Jim Macdonald: If George Bernard Shaw were a frequent commenter here, I'd have to find a new filter.

If William McGonagall were a frequent commenter here, I cannot imagine the type of filter needed.

#22 ::: Xopher HalfTongue ::: (view all by) ::: April 10, 2012, 11:56 PM:

'Have to' meaning 'must' is not the same verb as either auxiliary 'have' or 'have' indicating possession. Homophonous, homographic, not the same.

#23 ::: thomas ::: (view all by) ::: April 10, 2012, 11:58 PM:

Oh, thou demon Spam, thou fell destroyer;
Thou curse of society, and its greatest annoyer.
What hast thou done to society, both lion and lamb?
I answer thou hast caused the most of ills, thou demon Spam.

#24 ::: Laura Gillian ::: (view all by) ::: April 11, 2012, 01:46 AM:

Terry Karney #19, 20:

I would classify both of those sentences under the type Xopher mentioned in his comment #12. 'Have' indicating possession.

Xopher HalfTongue #22:

Thank you for clearly saying in very few words what I was groping for. I knew there must be a better way to describe what I meant. And in my dialect, only the auxiliary kind of 'have' can be contracted.

#25 ::: David Harmon ::: (view all by) ::: April 11, 2012, 06:26 AM:

Terry Karney #19, 20: Also, you're abusing a homophone: "too" and "to" don't even match grammatically.

#26 ::: eric ::: (view all by) ::: April 12, 2012, 02:23 AM:

And cleaning out the spam queue here:

Absolutely written articles, thankyou for entropy


Entropy I can provide. In fact, I can hardly prevent it.

#27 ::: Allan Beatty ::: (view all by) ::: April 12, 2012, 09:02 PM:

For reasons unrelated to spam, I have to say that comma-separated value files are the work of the devil. Tab-delimited files are somewhat better except when emitted by Microsoft® Excel™.

#28 ::: Jim Macdonald ::: (view all by) ::: April 14, 2012, 09:25 AM:

From this morning's spam-kill, here we see someone trying to escape the apostrophes ... inexpertly.

I downloaded and started using Mint over the weekend. I absolutely love it. First, I no longer have to my banks\' website for my transaction and balance. Second, I\'m able to also link (and sync) all my student loans along with car loan onto the app! Third, I love the pie chart breakdown of my expenditures. Who knew I ate out so much?! Apparently, Mint does
#29 ::: Bill Stewart ::: (view all by) ::: April 14, 2012, 12:39 PM:

Like the gazebo, you can't escape the apostrophe. And who knew that one of the popular Linux distributions would handle your bank account for you!

#30 ::: Jim Macdonald ::: (view all by) ::: April 18, 2012, 12:51 PM:

Join us now as Yog Builds a Spam Filter.

This morning a spam got through. The link was borked, else it would have been caught anyway, but the text was a typical mad-lib style comment spam:

I'm extremely pleased to uncover this website. I wanted to thank you for your time, and for this excellent study - I definitely appreciated every single bit of it, and already have you book marked to check out new stuff.

How I proceed to create a filter:

First, take a sentence from the spam.

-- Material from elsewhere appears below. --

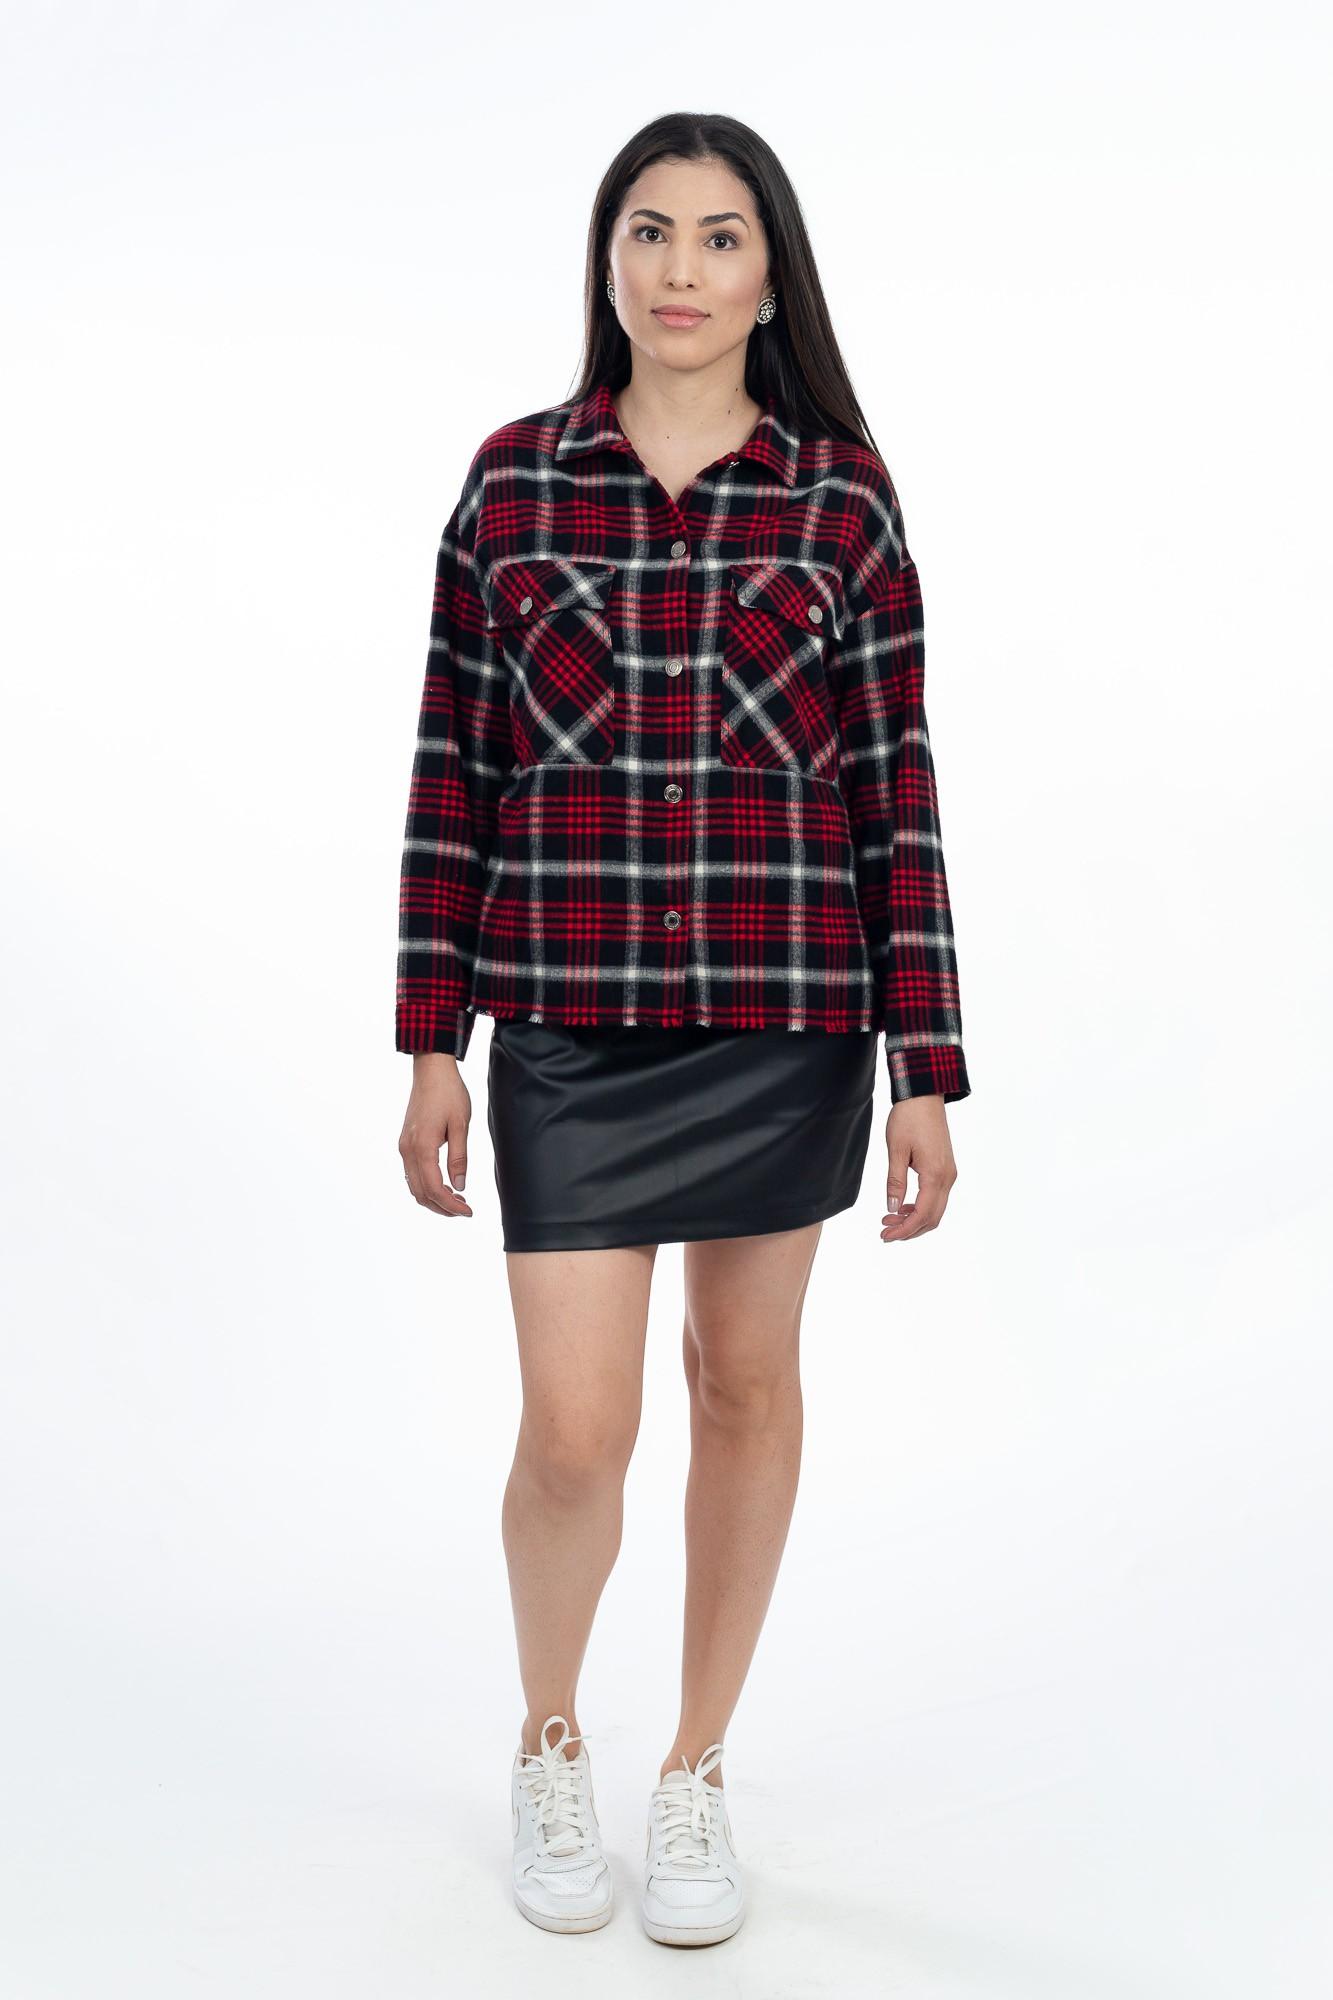 Camisa flanelada xadrez vermelha Zara tam P

I chose this one:

I definitely appreciated every single bit of it, and already have you book marked to check out new stuff.

Now, cut that in half, and Google on half of it. The reason for Googling on half is this: When you search, Google will show you the whole sentence. I chose this bit:

"and already have you book marked to check out new stuff."

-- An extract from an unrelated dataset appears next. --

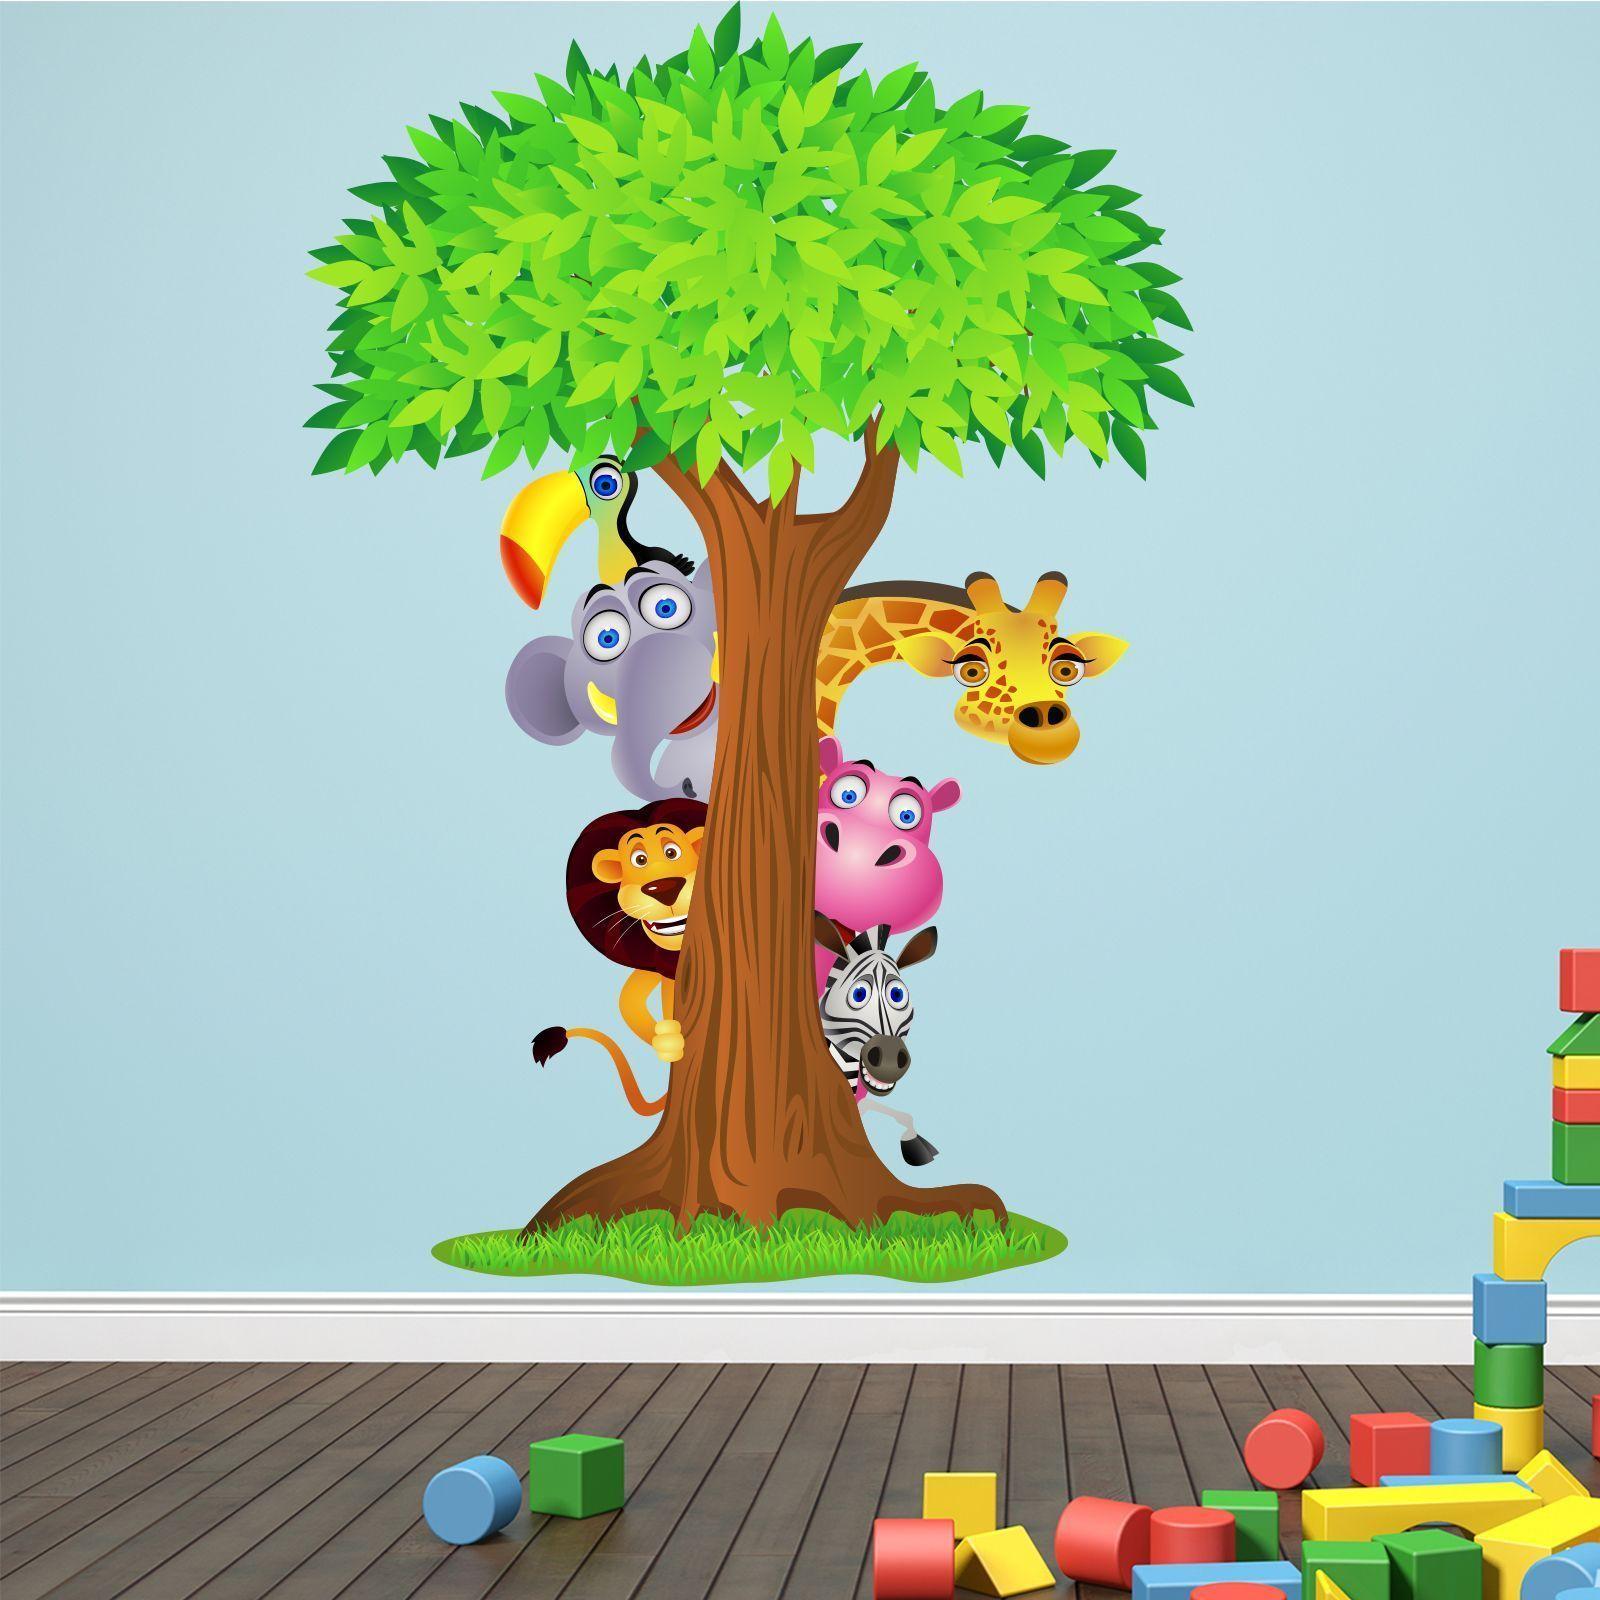 Wandtattoo Dschungel Tiere Baum 115x165cm Comic Kinder

Note the quote marks. They're important.

This got me over a hundred thousand hits.

I then went though the first two pages of the Google results, copying the first half of the sentence into Notepad. Here's what I got:

I definitely savored every part of it
I definitely loved every bit of it
I definitely enjoyed every little bit of it
I definitely loved every bit of it
I definitely enjoying every tiny amount of it
I absolutely enjoying every tiny amount of it
I absolutely loved every little bit of it
I definitely appreciated every part of it
I definitely savored every part of it
I certainly enjoyed every bit of it
I definitely appreciated every part of it
I definitely appreciated every bit of it
I without a doubt really enjoyed just about every bit of it
I definitely really liked every part of it
I definitely enjoyed every part of it
I definitely really liked every bit of it
I definitely really liked every bit of it
I definitely appreciated every part of it
I definitely really liked every bit of it
I certainly loved every bit of it
I definitely loved every little bit of it
I definitely enjoying every little bit of it


Okay, I'm sure you can see where I'm going with this.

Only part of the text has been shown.